In general, however, it should be said that this view of life will enable us to contemplate the so-called imperfections of the great majority of men, their moral and intellectual deficiencies and the resulting base type of countenance, without any surprise, to say nothing of indignation; for we shall never cease to reflect where we are, and that the men about us are beings conceived and born in sin, and living to atone for it. That is what Christianity means in speaking of the sinful nature of man.

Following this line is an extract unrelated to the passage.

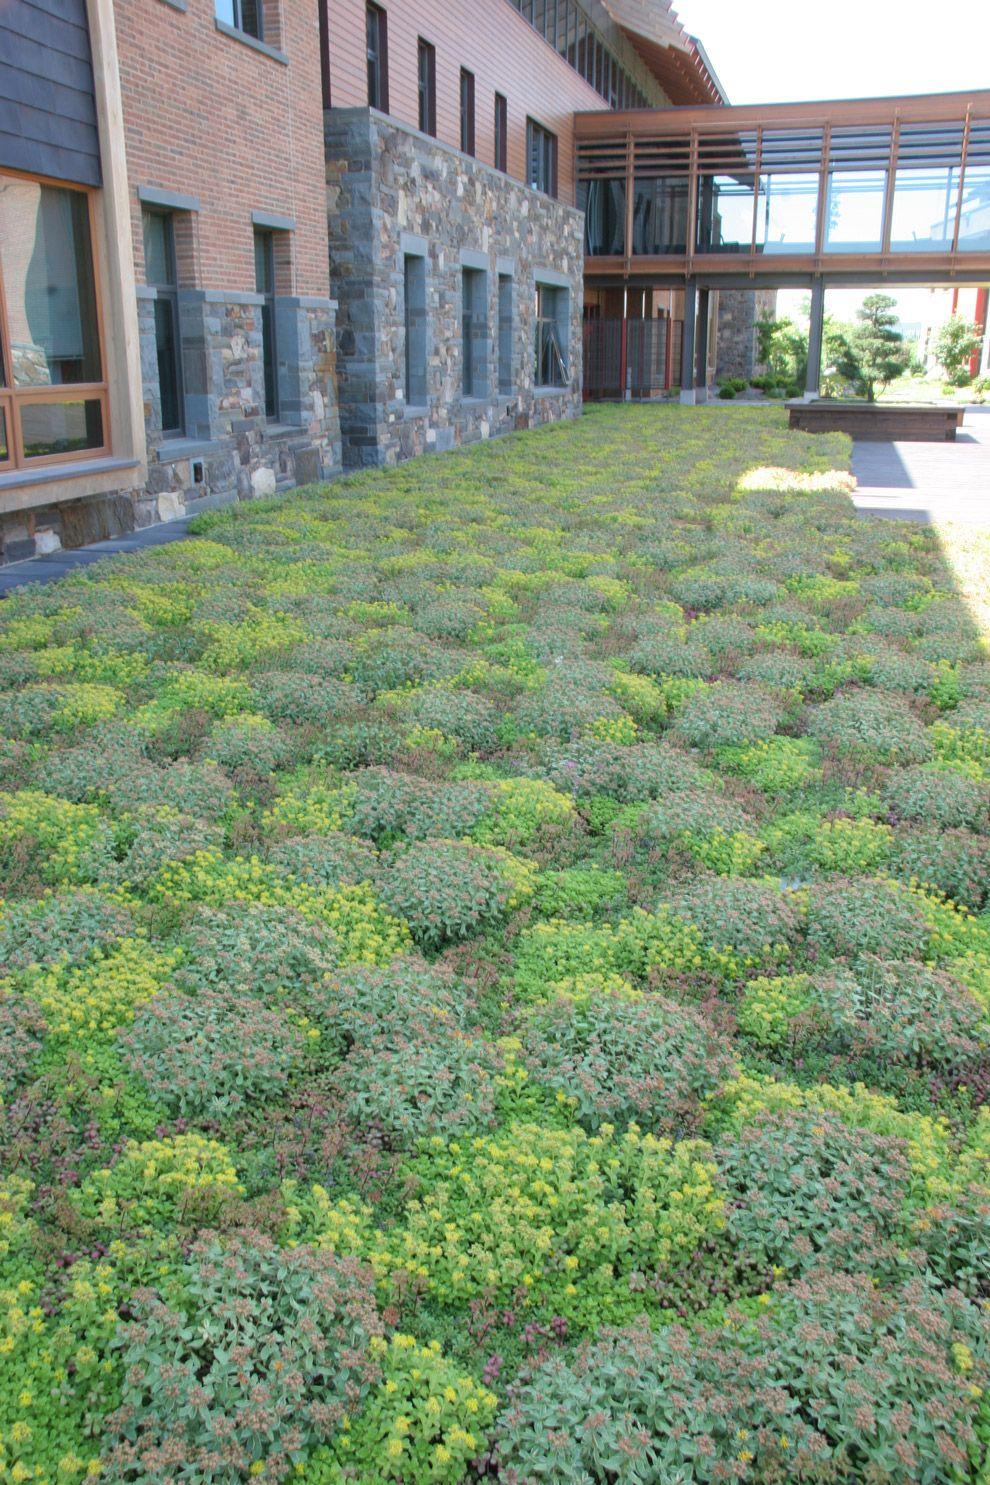 58b09cfda09f62f37c988ba8619632df - The House Of Gardening & Hydroponics Madison Heights
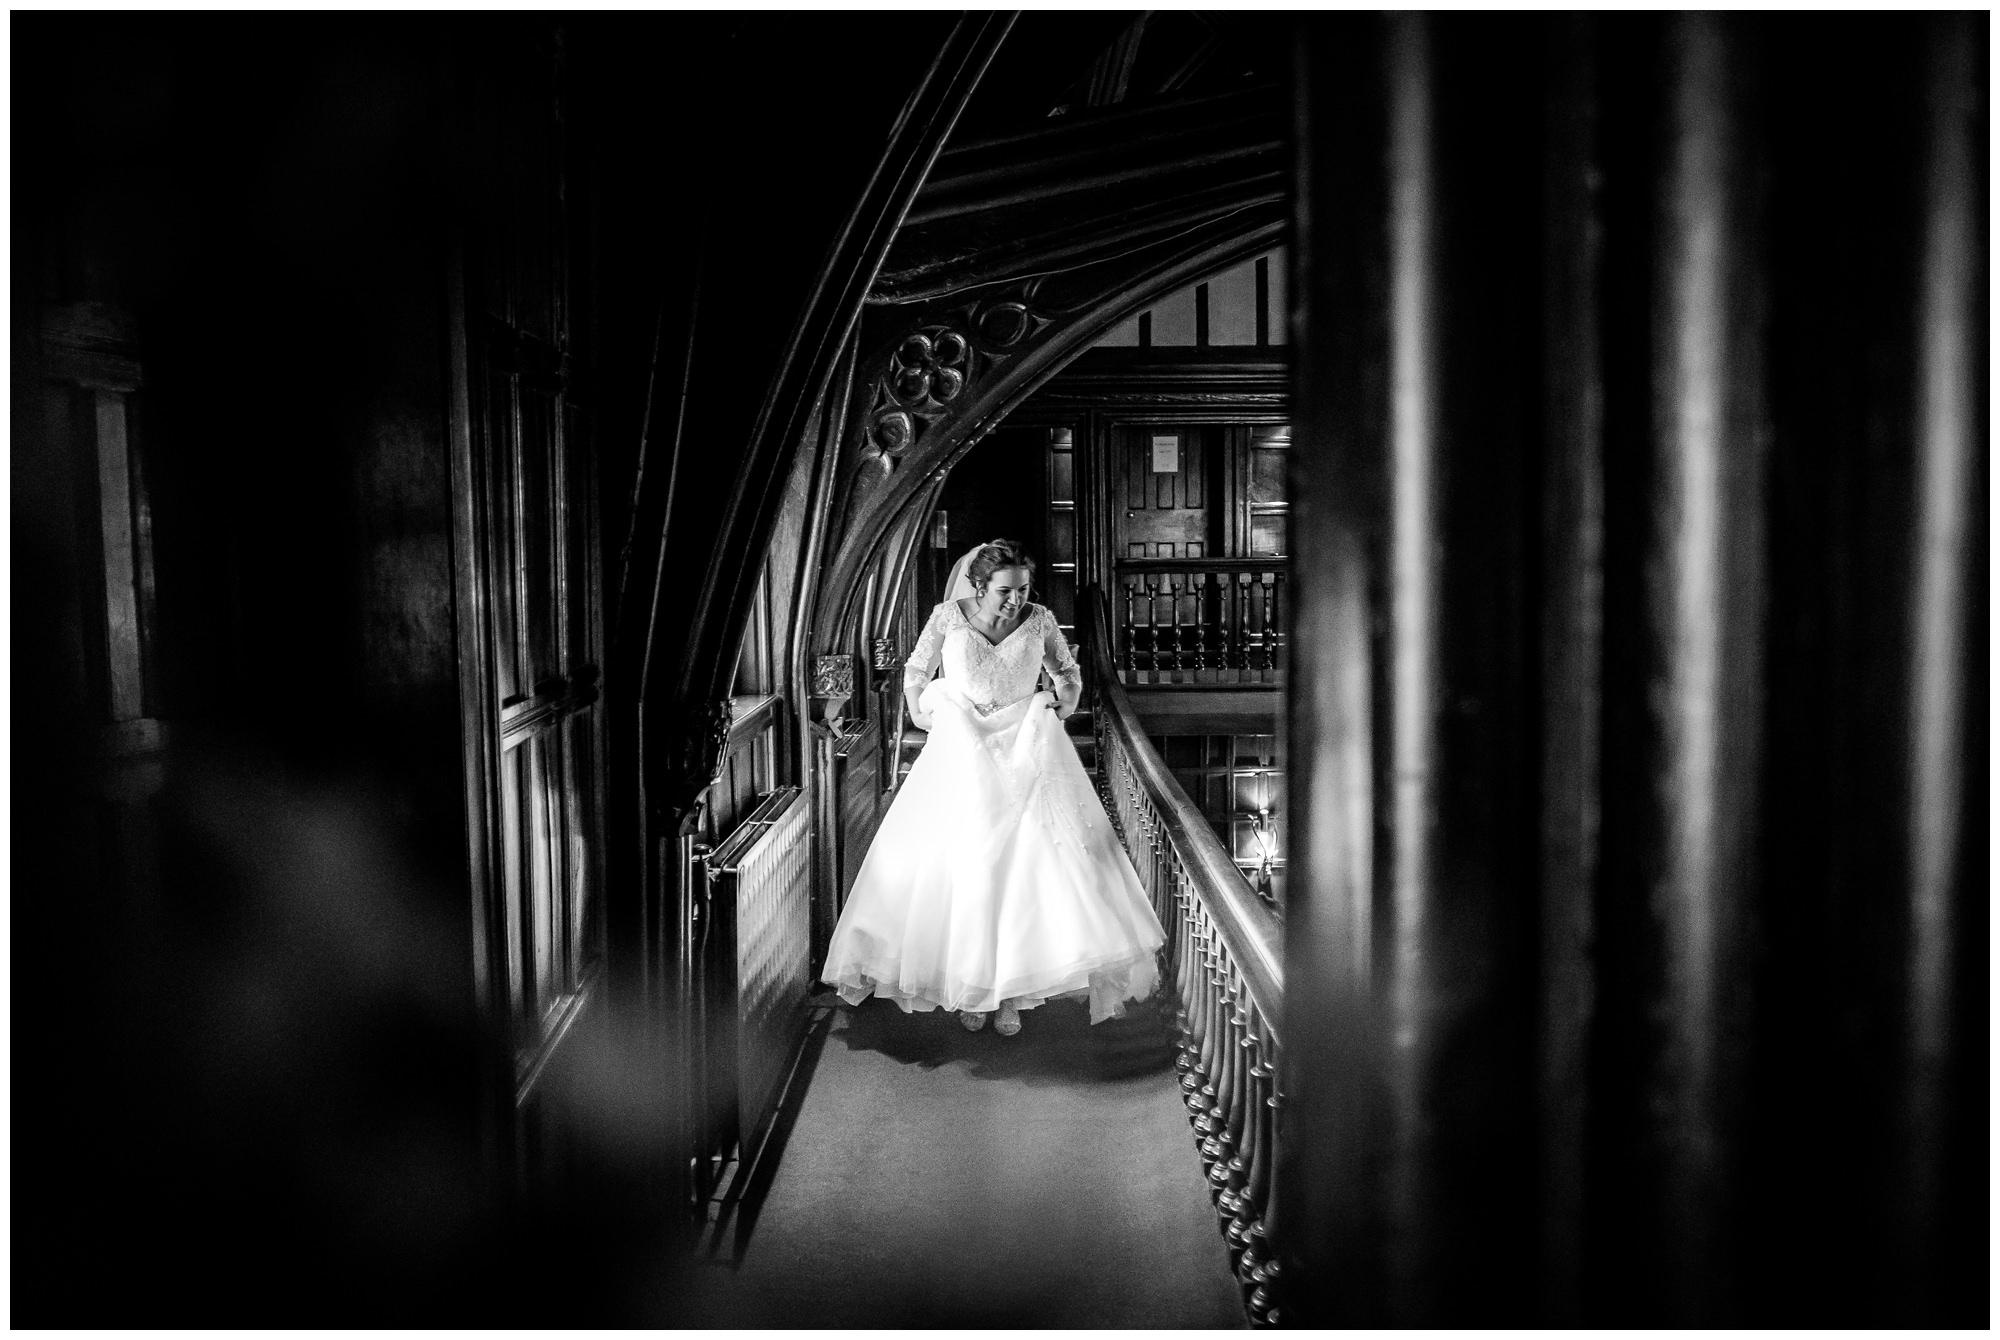 mitton-hall-wedding-photographer_0004.jpg

Pardon’s the word to all! [1] Whatever folly men commit, be their shortcomings or their vices what they may, let us exercise forbearance; remembering that when these faults appear in others, it is our follies and vices that we behold. They are the shortcomings of humanity, to which we belong; whose faults, one and all, we share; yes, even those very faults at which we now wax so indignant, merely because they have not yet appeared in ourselves. They are faults that do not lie on the surface. But they exist down there in the depths of our nature; and should anything call them forth, they will come and show themselves, just as we now see them in others. One man, it is true, may have faults that are absent in his fellow; and it is undeniable that the sum total of bad qualities is in some cases very large; for the difference of individuality between man and man passes all measure.
[Footnote 1: “Cymbeline,” Act v. Sc. 5.]
In fact, the conviction that the world and man is something that had better not have been, is of a kind to fill us with indulgence towards one another. Nay, from this point of view, we might well consider the proper form of address to be, not Monsieur, Sir, mein Herr, but my fellow-sufferer, Soci malorum, compagnon de miseres! This may perhaps sound strange, but it is in keeping with the facts; it puts others in a right light; and it reminds us of that which is after all the most necessary thing in life—the tolerance, patience, regard, and love of neighbor, of which everyone stands in need, and which, therefore, every man owes to his fellow.